Supplied material =
^^^^^^^^
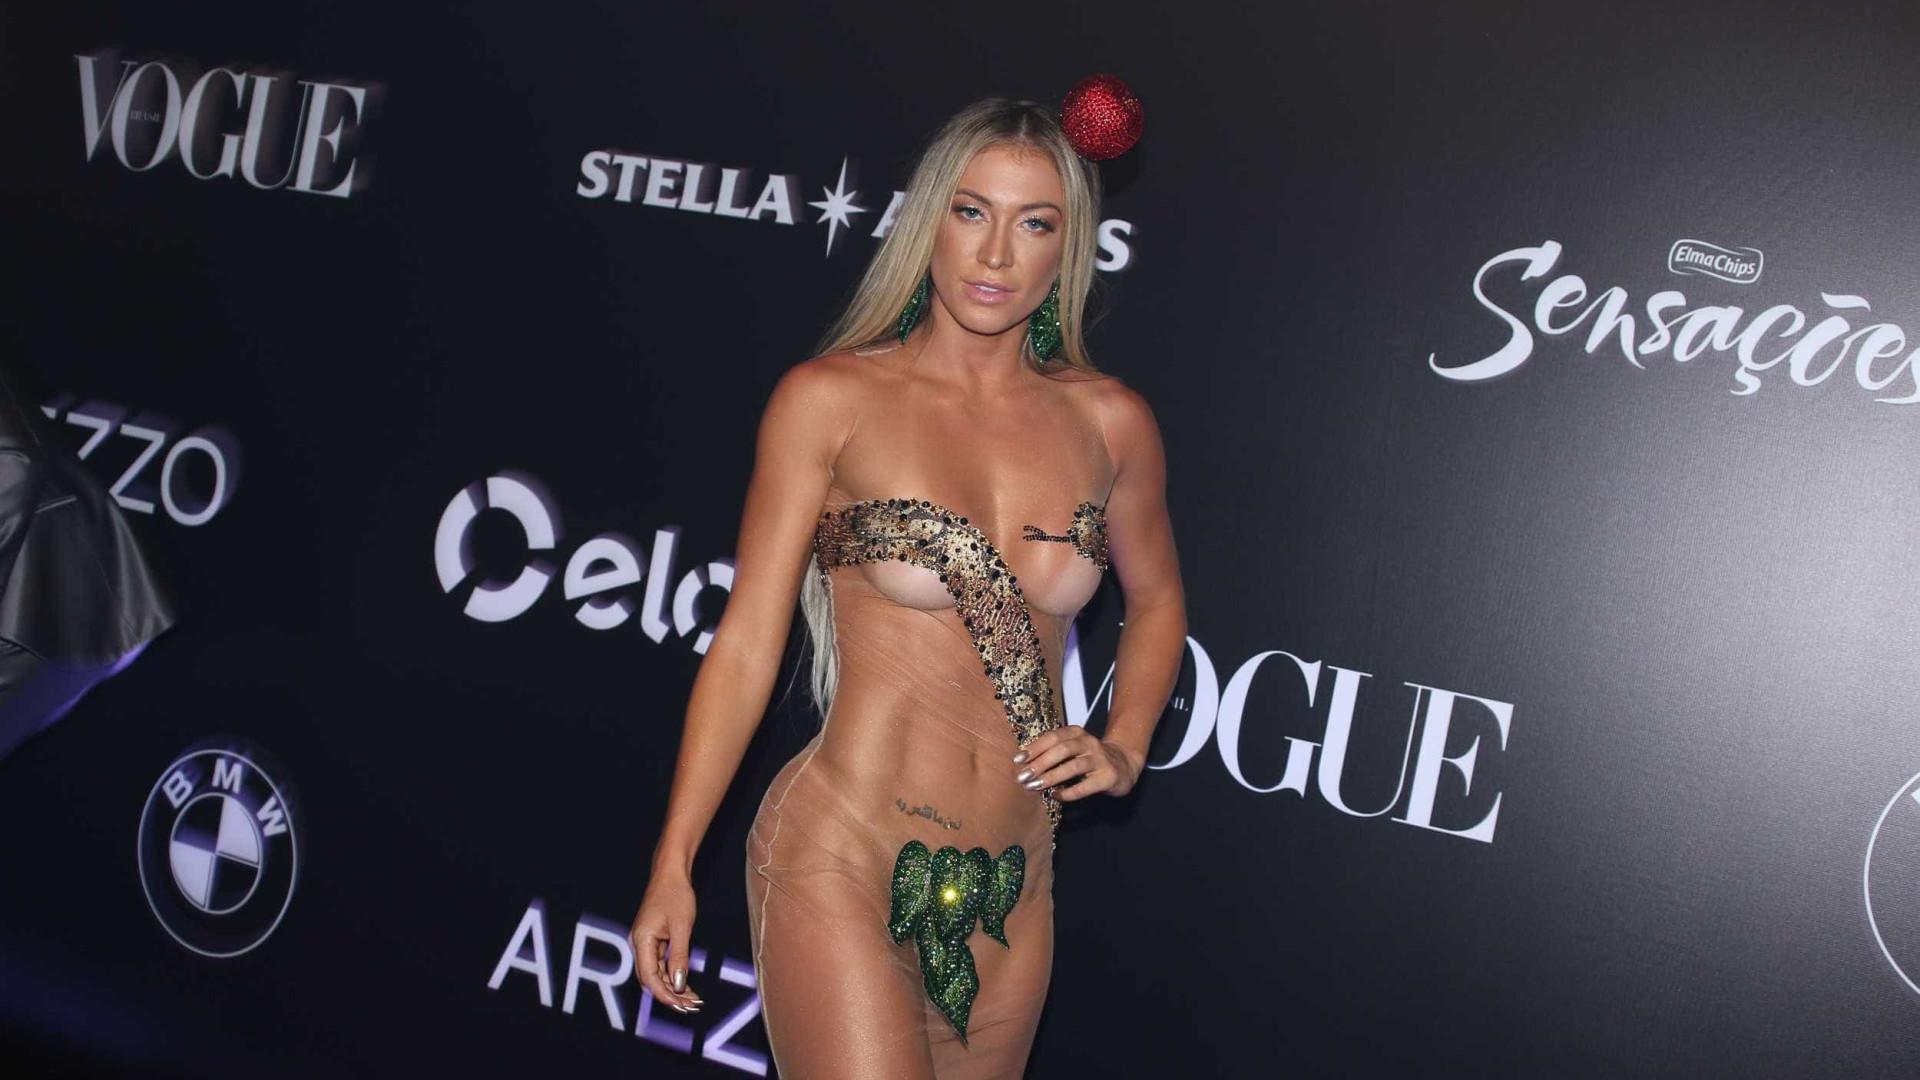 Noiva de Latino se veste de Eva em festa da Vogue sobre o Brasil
^^^^^^^^
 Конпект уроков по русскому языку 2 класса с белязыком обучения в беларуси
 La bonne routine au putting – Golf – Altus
^^^^^^^^
The lines to extract from the data above begin with the line containing "Конпект уроков по" and end with the line containing "La bonne routine au putting – Golf – Altus". Extract them exactly, including both.

Worked solution =
 Конпект уроков по русскому языку 2 класса с белязыком обучения в беларуси
 La bonne routine au putting – Golf – Altus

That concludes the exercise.